The images are shown as a continuous film that changes depending on what the viewer reacts to in a positive manner. Positive reactions bring up related images, which is supposed to help divine the viewer’s car-design preferences. The app’s judgments come from an algorithm that’s backed by what Bentley calls the “world’s largest emotion data repository.” It includes 3.4 million faces analyzed in 75 countries, adding up to more than 12 billion “emotional data points.”
The results form a starting point in the car-configuration process, Bentley says.
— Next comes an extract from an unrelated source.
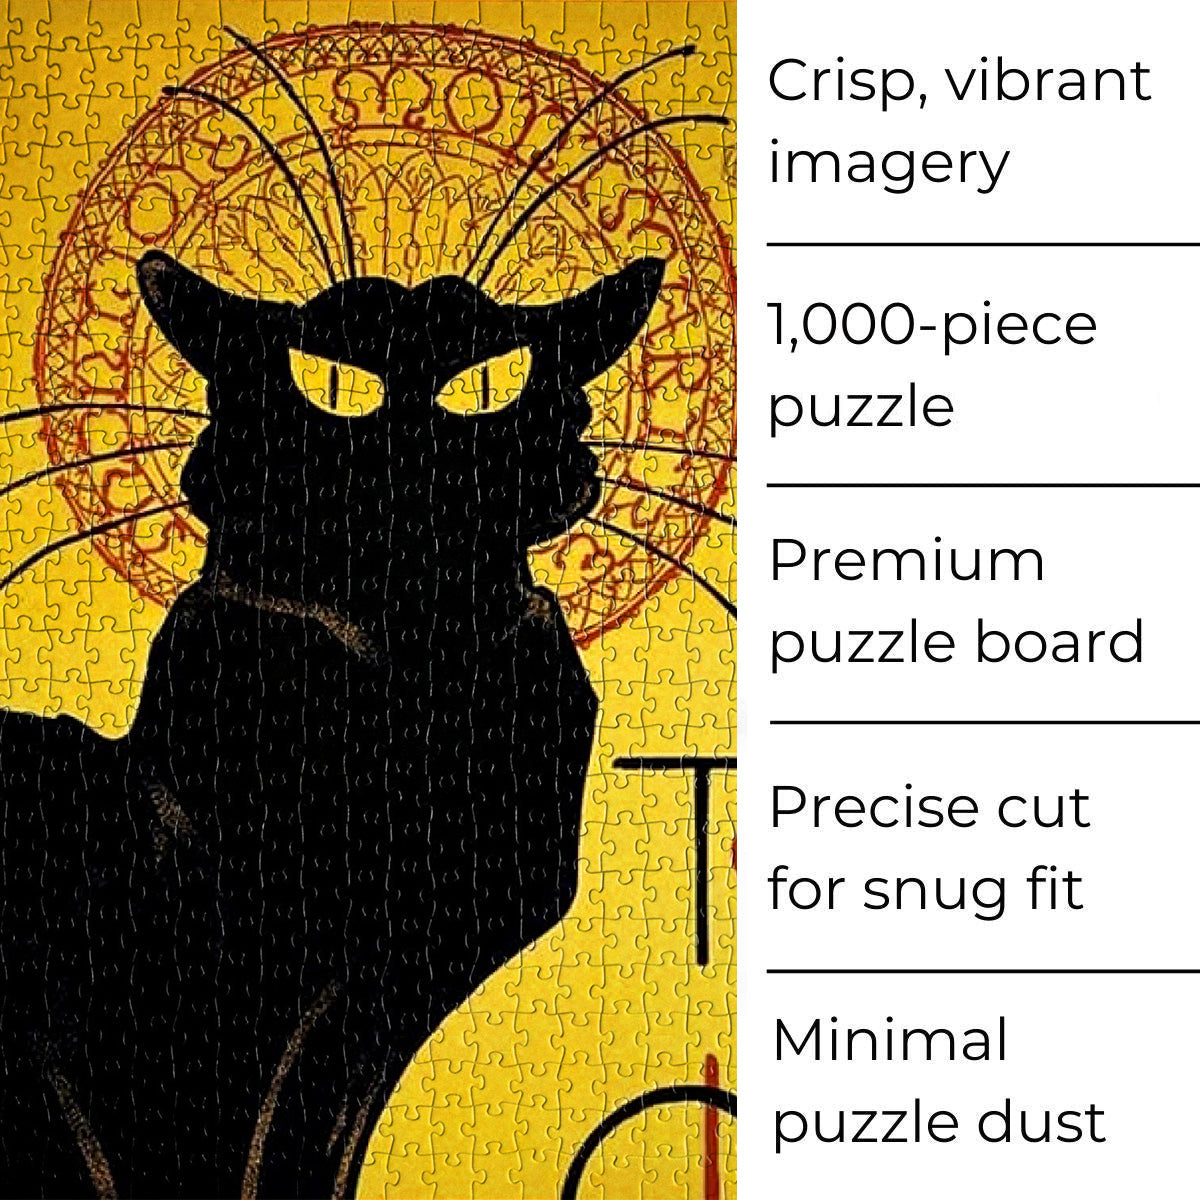 The best quality jigsaw puzzle of Théophile Steinlen's Le Chat Noir poster artwork.
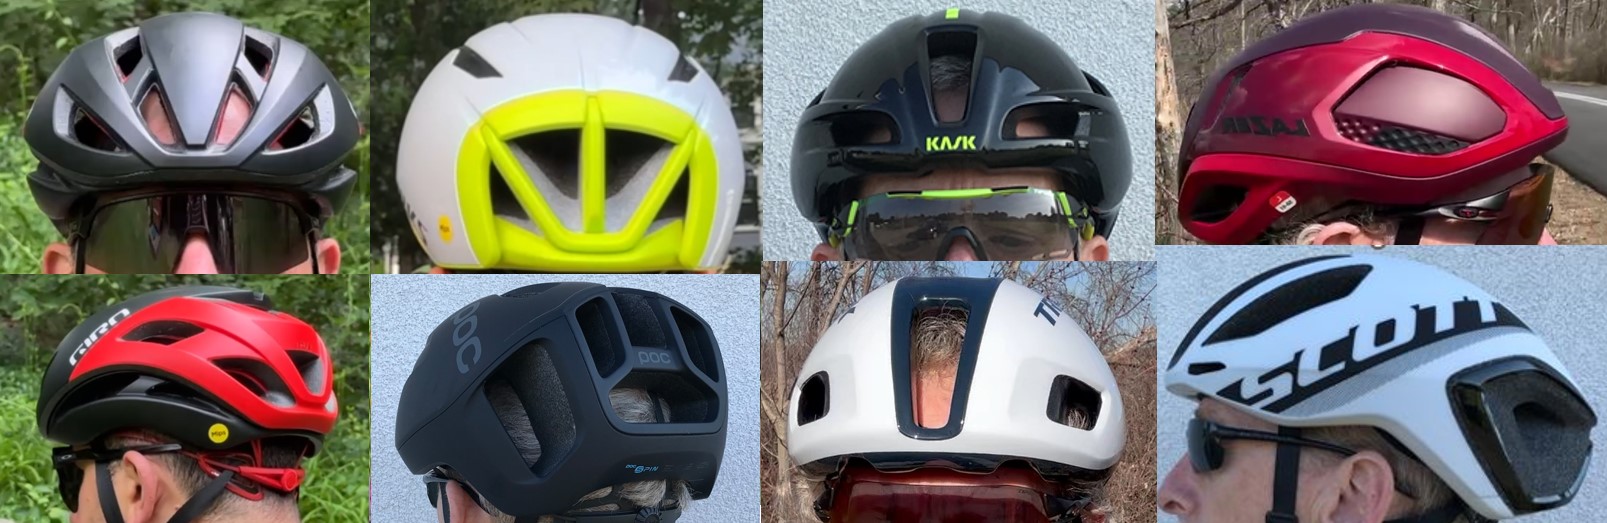 Half-Shell/Open-Face Helmets for Round Heads (Asian Fit)?

The images are tied to different features and trim options, and the idea seems to be that this allows users to register a more emotionally-resonant response than they would normally get looking at color swatches.
The Inspirator app is only available for the new Bentayga SUV right now, although Bentley plans to let customers use it with other models eventually. Bentley’s first production SUV, it will start wafting into customer driveways next year, at a cost somewhere north of $200,000.